Indulge in a luxurious retreat at the Grove Park Inn


A massive edifice, the Grove Park Inn was built by 400 men in just one year.
CREDIT: David Danzig

If You Go
Getting to Asheville is a 3+ hour drive north. (Be careful of speed traps, especially in Hendersonville, N.C. Yes, we got a ticket.)
Packages at the Grove Park Inn start at $205/night, and you can arrange golf, spa or other themed packages. If you can, request a room in the original building. While somewhat smaller, they are far more interesting and unique than the ones in the two auxiliary wings which were built in the 1980s. Besides, you get to ride up elevators which are housed inside the great fire places of the Great Hall.
Access to the spa is included with a paid spa treatment. Day passes are available for purchase ranging from $55 (registered guests) to $80 (non-registered guests) Monday through Thursday. Registered guests only on weekends for $65 and those passes are limited.
For more information, call 800-438-5800 or visit www.groveparkinn.com.

By David Danzig

Wait until you have children. That’s what all our friends with kids said as my wife and I prepared for an exotic journey to some faraway land. In those halcyon first years of marriage, we traveled abroad any chance we got, covering several continents, dozens of countries and countless passport stamps.

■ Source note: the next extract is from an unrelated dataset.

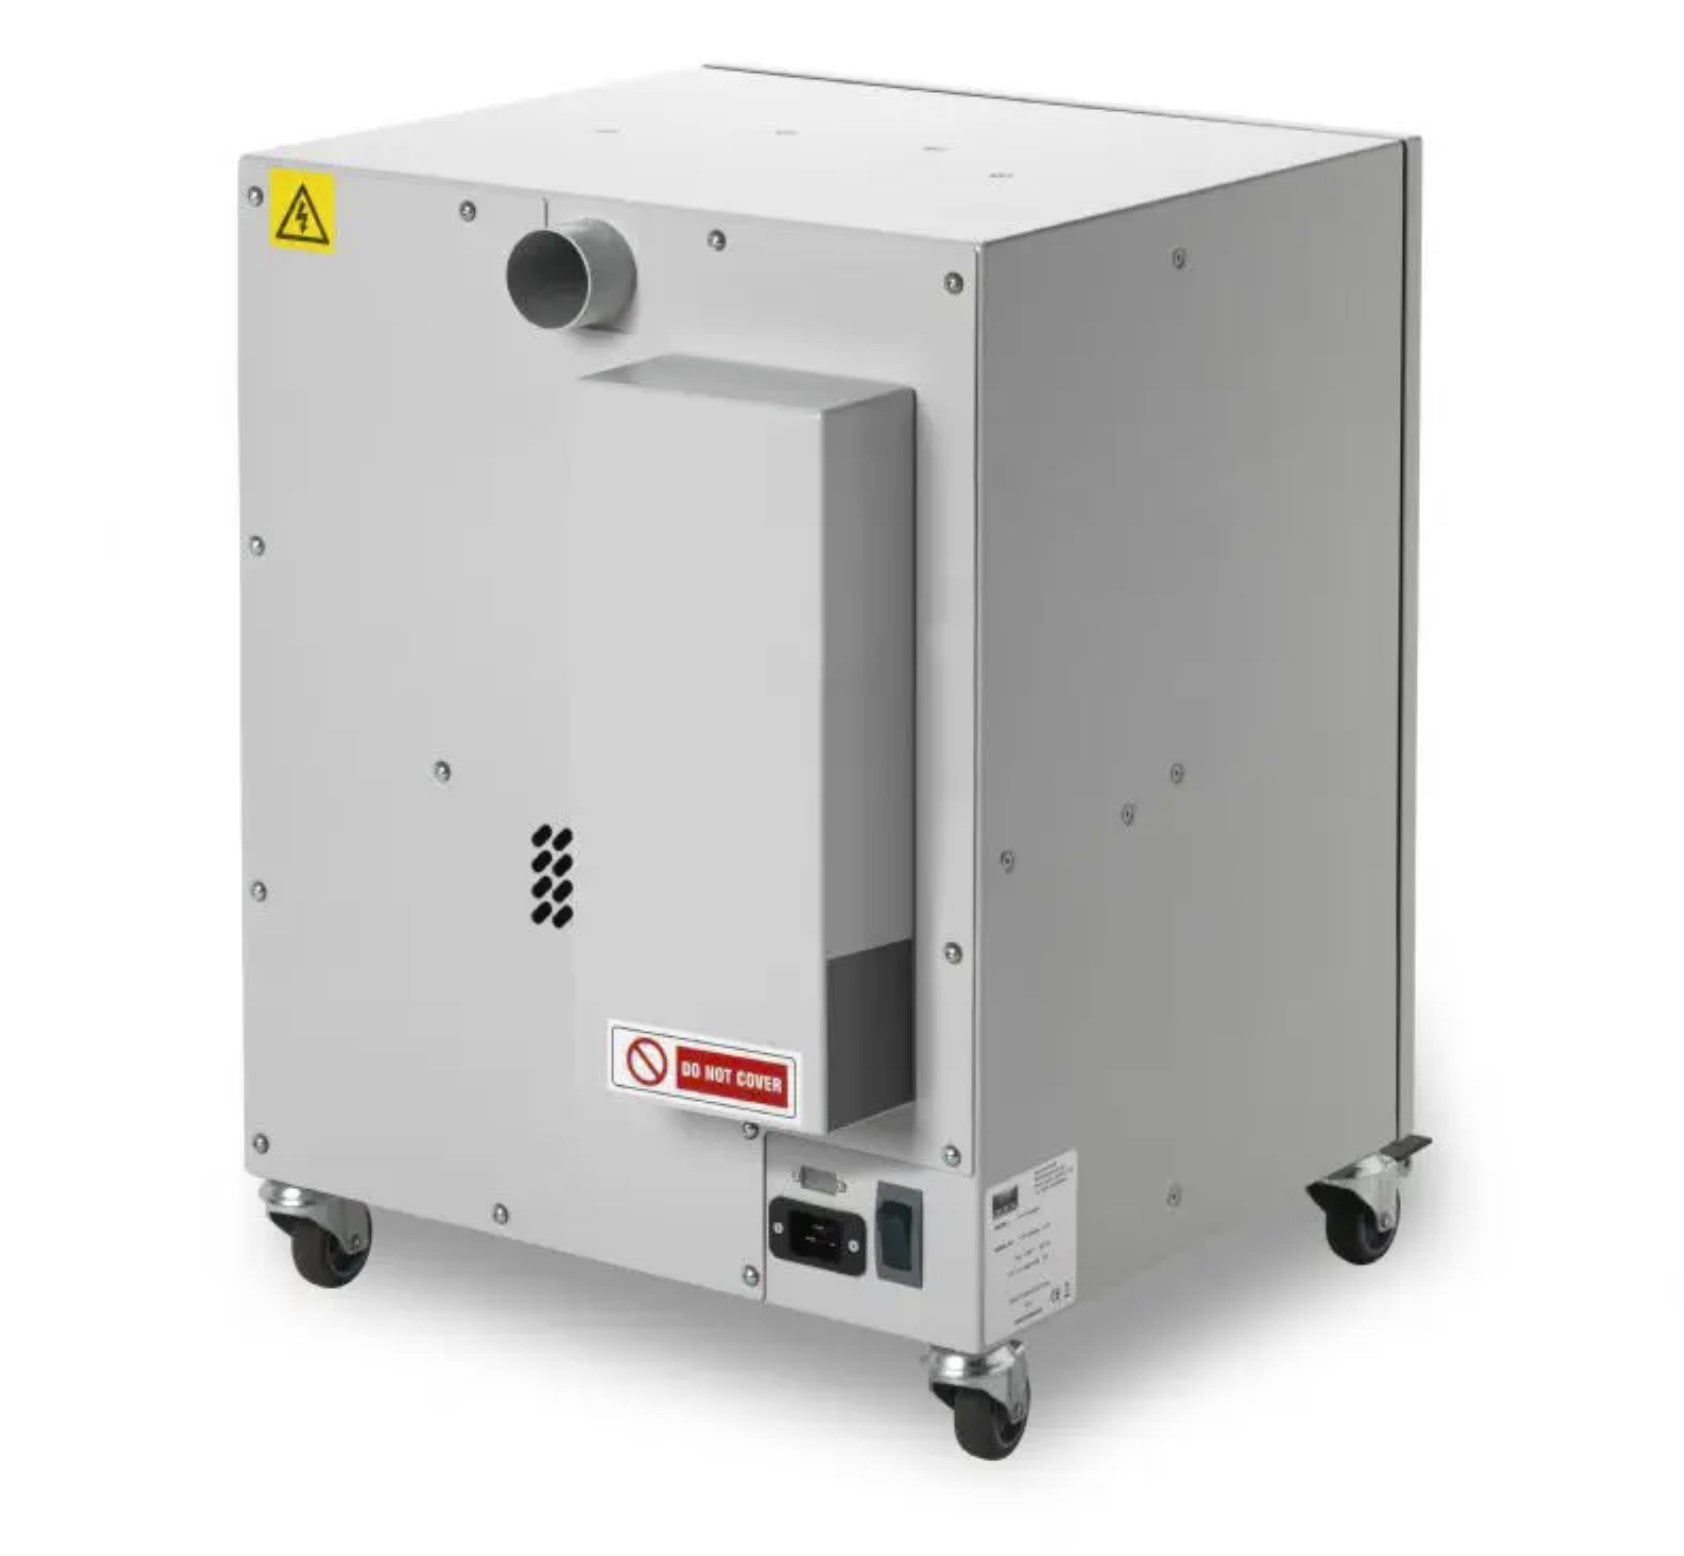 Filtres à air de haute qualité pour machines laser de BOFA
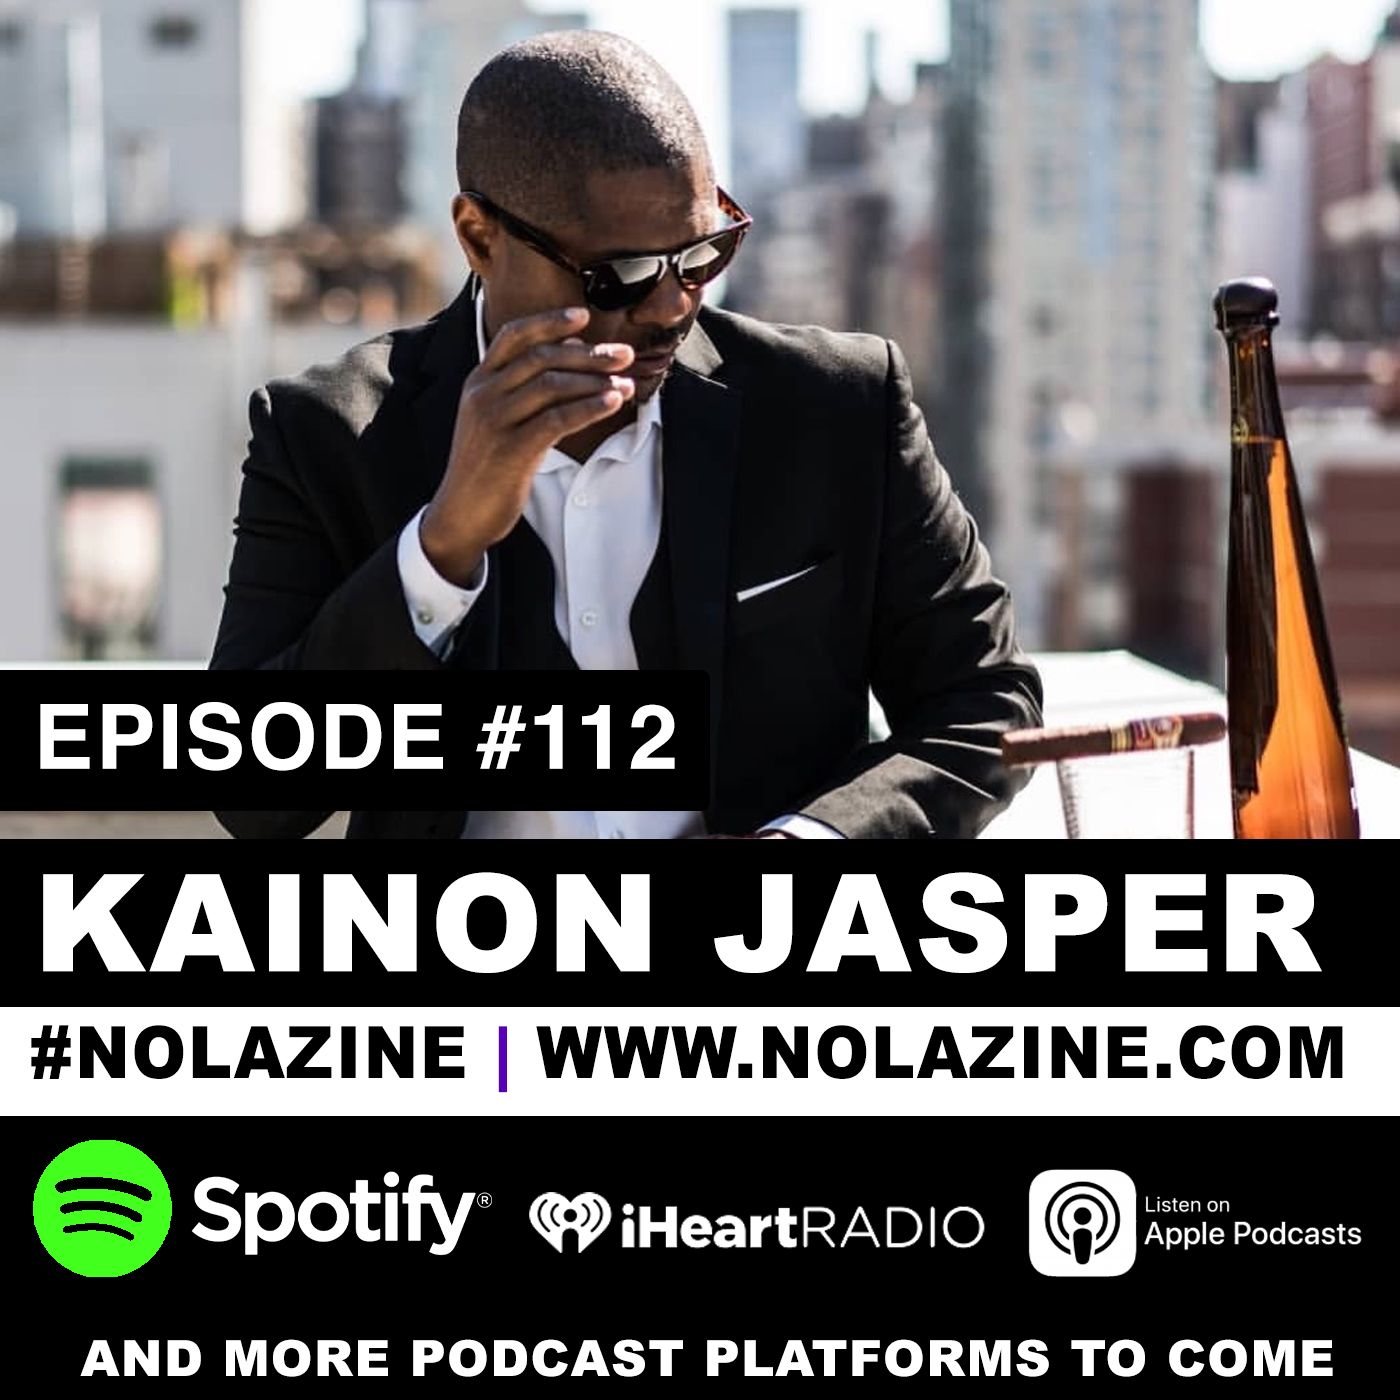 EP: 112 Featuring Kainon Jasper

And then our first child arrived.

And yes, this has changed everything. But not necessarily for the worse. We have put away the passports for a bit, and we now are excited to explore things a little closer to home.

High on the list of domestic destinations was Asheville, N.C., particularly the fabled Grove Park Inn, a resort whose legend is known throughout the country as a true throwback to days gone by.

The Grove Park Inn first opened its doors in 1913, the vision of E.W. Grove who settled on Asheville and its breathtaking views of the Blue Ridge Mountains as the place to build his Inn. In just one year, with only 400 men, an army of mules, ropes, pulleys, wagons and just a single steam shovel, the Inn was completed. And it was built so well that it actually even saved itself from demolition after WWII when, during hard times, it would’ve been too cost-prohibitive to tear down.

  Winding through the undulating Blue Ridge Mountains with autumn colors in full swing, it’s easy to see what first drew Grove to the destination. The hills roll easy and are hypnotic, almost flowing like gentle ocean waves. Asheville sits in a valley surrounded by these hills and almost as quickly as you come upon it after about three and a half hours drive from Atlanta, you’re soon pulling into the entrance of the Grove Park Inn.

The building itself is visually stunning when you first gaze upon it. Before you stands a jumbled mass of brown, jagged stones, which appears to somehow have assembled themselves into a hulking structure. The windows are crammed in with perfect symmetry amidst the rubble, with Yugo-sized boulders above each one. The roof is a curvy red-tiled wave, completely devoid of right angles which smoothly covers the rocks almost like a giant mushroom cap. Somehow, it all really works.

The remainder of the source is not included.